Like a drug it lies to me and gives me false promises or false ridicule. If I step on and I’m 5lb lighter I am ecstatic, and naturally I begin to think that I must be doing something right, until I hit a plateau, or get on the next day and have my life shattered because I’m back up two or three pounds. Or there are those days that I am feeling my best, eating right, working out, feeling good, and then the devil calls me to the bathroom sink and tells me that my day will get better if I weigh myself (because it must be as great as I feel). So, with a smile on my face and a bounce in my step I dance over to the devil’s layer and bow down to it once again, looking for love and acceptance from something that smells like my husband’s feet, then I place myself perfectly centered on this little white rectangle and my smile fades, my sunny disposition becomes ice, and my world cracks from the cold. From that point on I begin to rethink my whole existence, my workouts, my food, my everything! Why does it matter how much I weigh, why does it matter how heavy or light I am, who came up with this idea that health and happiness is ultimately determined by a three digit number. My health is determined by that number yes, but not by that number alone. My health is first and foremost determined by the light in my eyes and the joy in my days. My health is determined by the energy and excitement in my actions. My health is determined by the good food I chose to eat, not because I have to but because I want to.

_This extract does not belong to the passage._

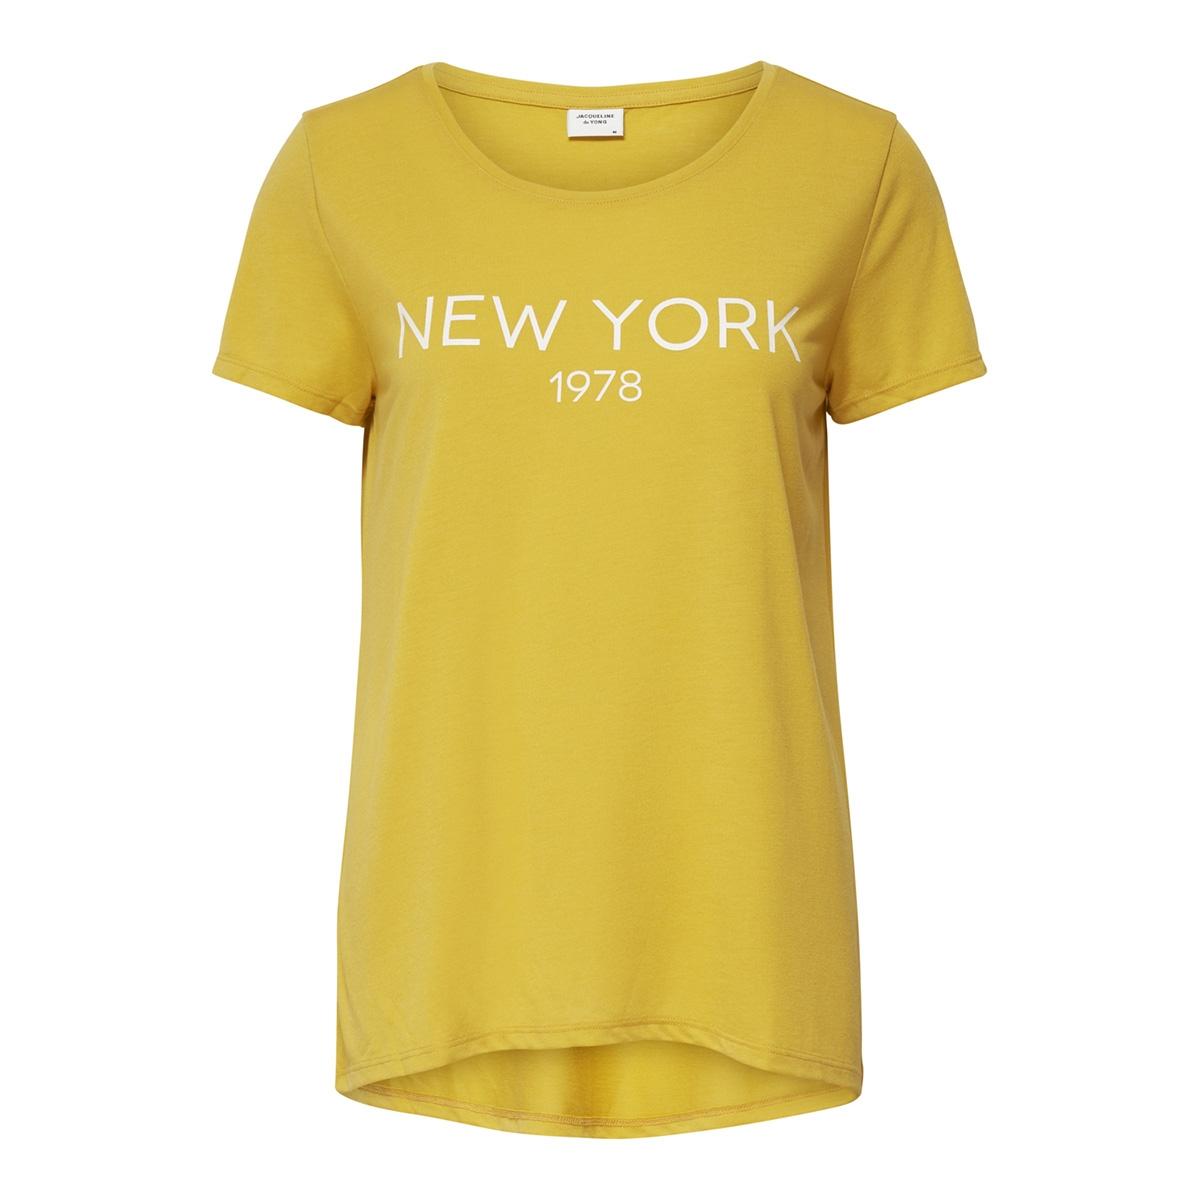 jdycity icon print s/s top jrs 15175243 jacqueline de yong t-shirt spicy mustard/new york 1
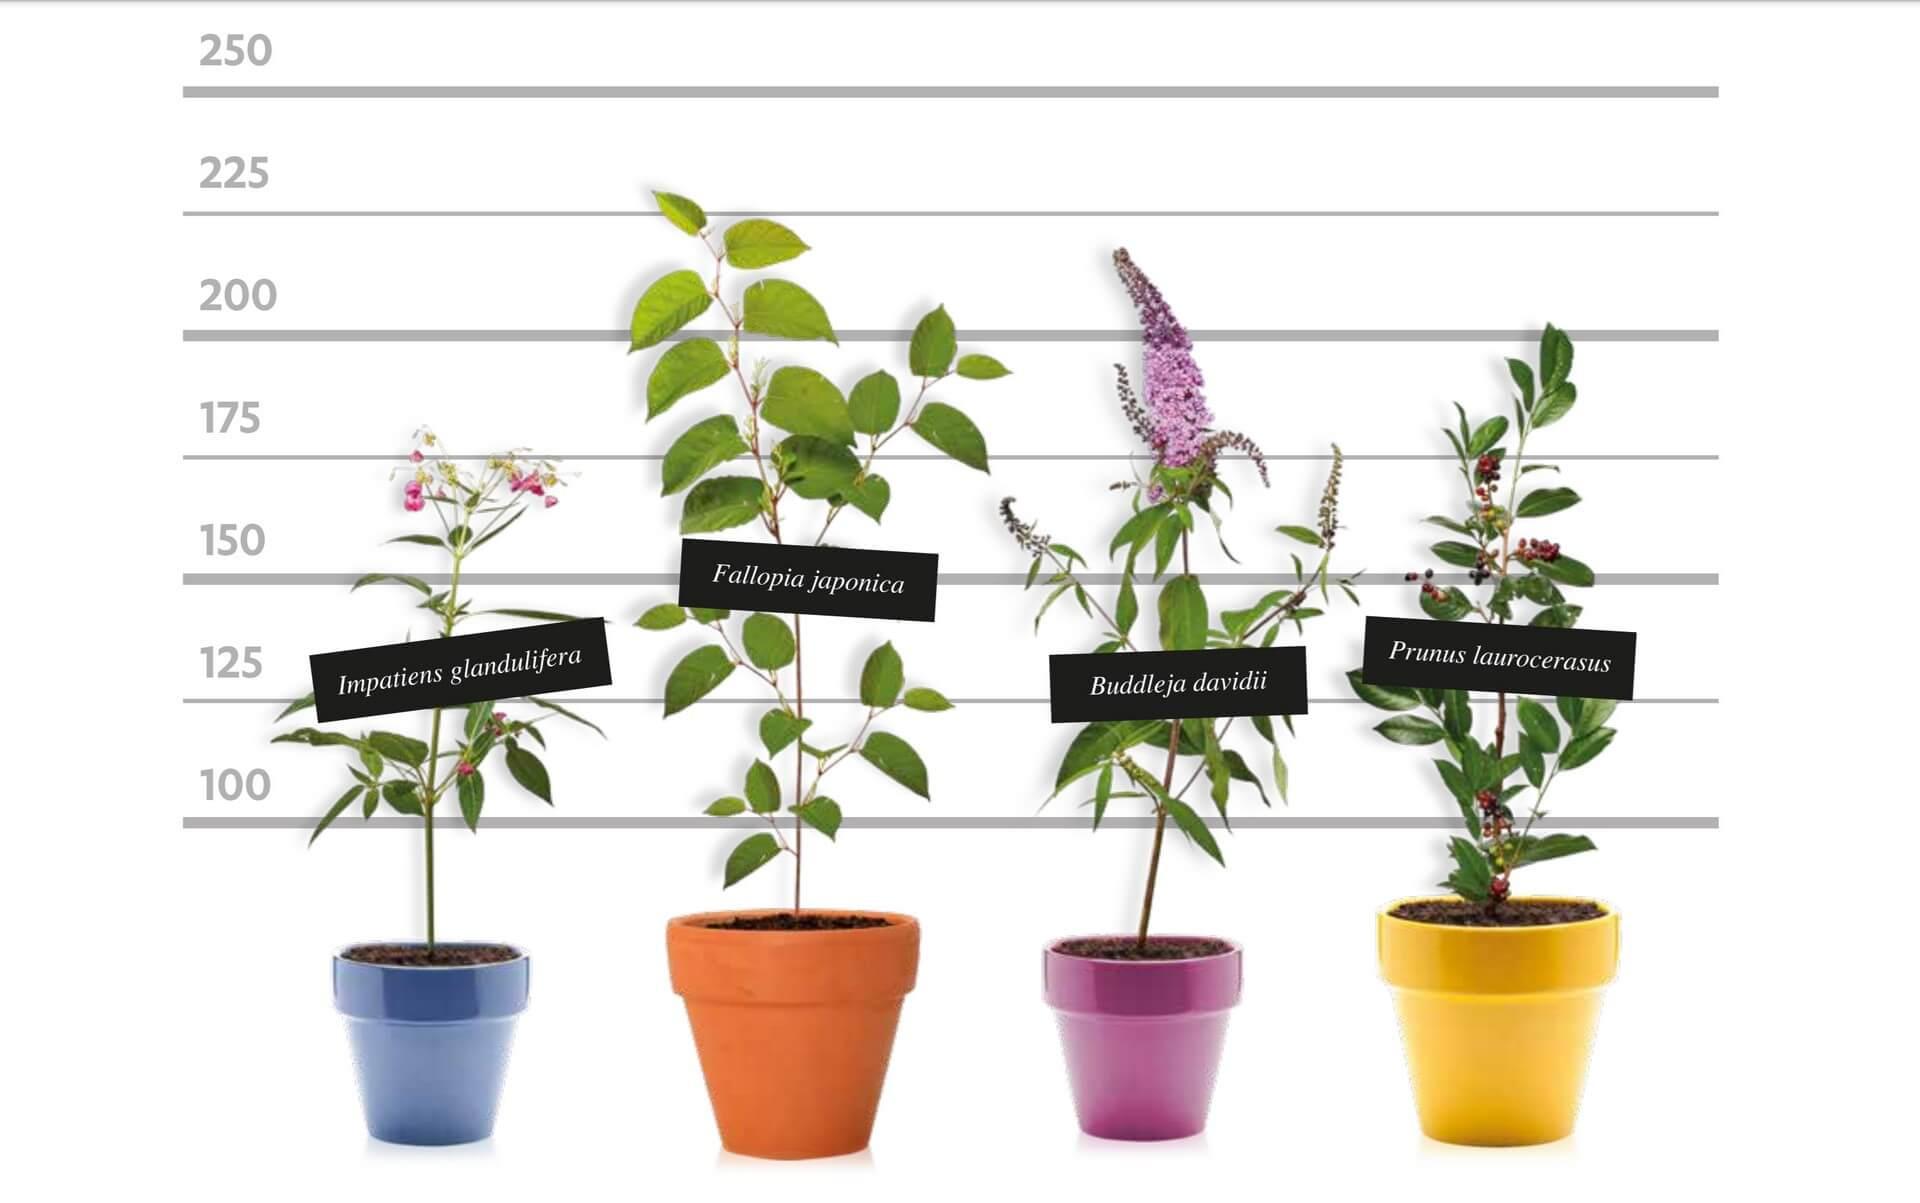 Obetaven projekt za koristno izrabo invazivnih tujerodnih rastlin

I’m not going to let my scale mess up my good thing. I’m healthy, I’m happy, and I don’t care how much I weigh because unless I plan on beginning a career as bowling ball, nobody else cares either. The fact is, as long as I’m doing my exercise and eating the right food in the right portions I know I’m going to look good and feel better and that is what maters. People don’t ask you to stand on them so they can evaluate the worth of your efforts, so why do we feel the need to stand on an inanimate object and ask it to do the same. When my husband tells me I look good, he doesn’t pick me up first to make sure what he is seeing is real. My clothing doesn’t have a meeting with my scale to discus my success and then shrink or expand based upon my weight. As a matter of fact, my scale can’t tell me half the information about myself that I get from other sources.

I think it’s about time I take my scale off the pedestal that I should be putting myself on. I need to spend more time caring about what I think and feel, instead of what my scale thinks. Like the devil it lies to me and causes me to make bad decisions. I don’t give my doormat, my ottoman, or anything else I put my feet on as much credit, and if I want to stand on something for a life changing response, I will go out and get a doormat that tells me to have a good day every time I step on it, at least that would be healthy encouragement. Today, I throw out my scale and I put my hope and faith where it needs to be! From now on, when I want to know how well I’m doing I will put on a pair of old pants to remind myself how far I’ve come, or I will run around the block and remember when I couldn’t. When I want to feel good about myself I will put an apple w/ 2 tbsp of almond butter in my hand and nothing under my feet. Today’s task, toss the scale and never look toward my feet for affirmation again.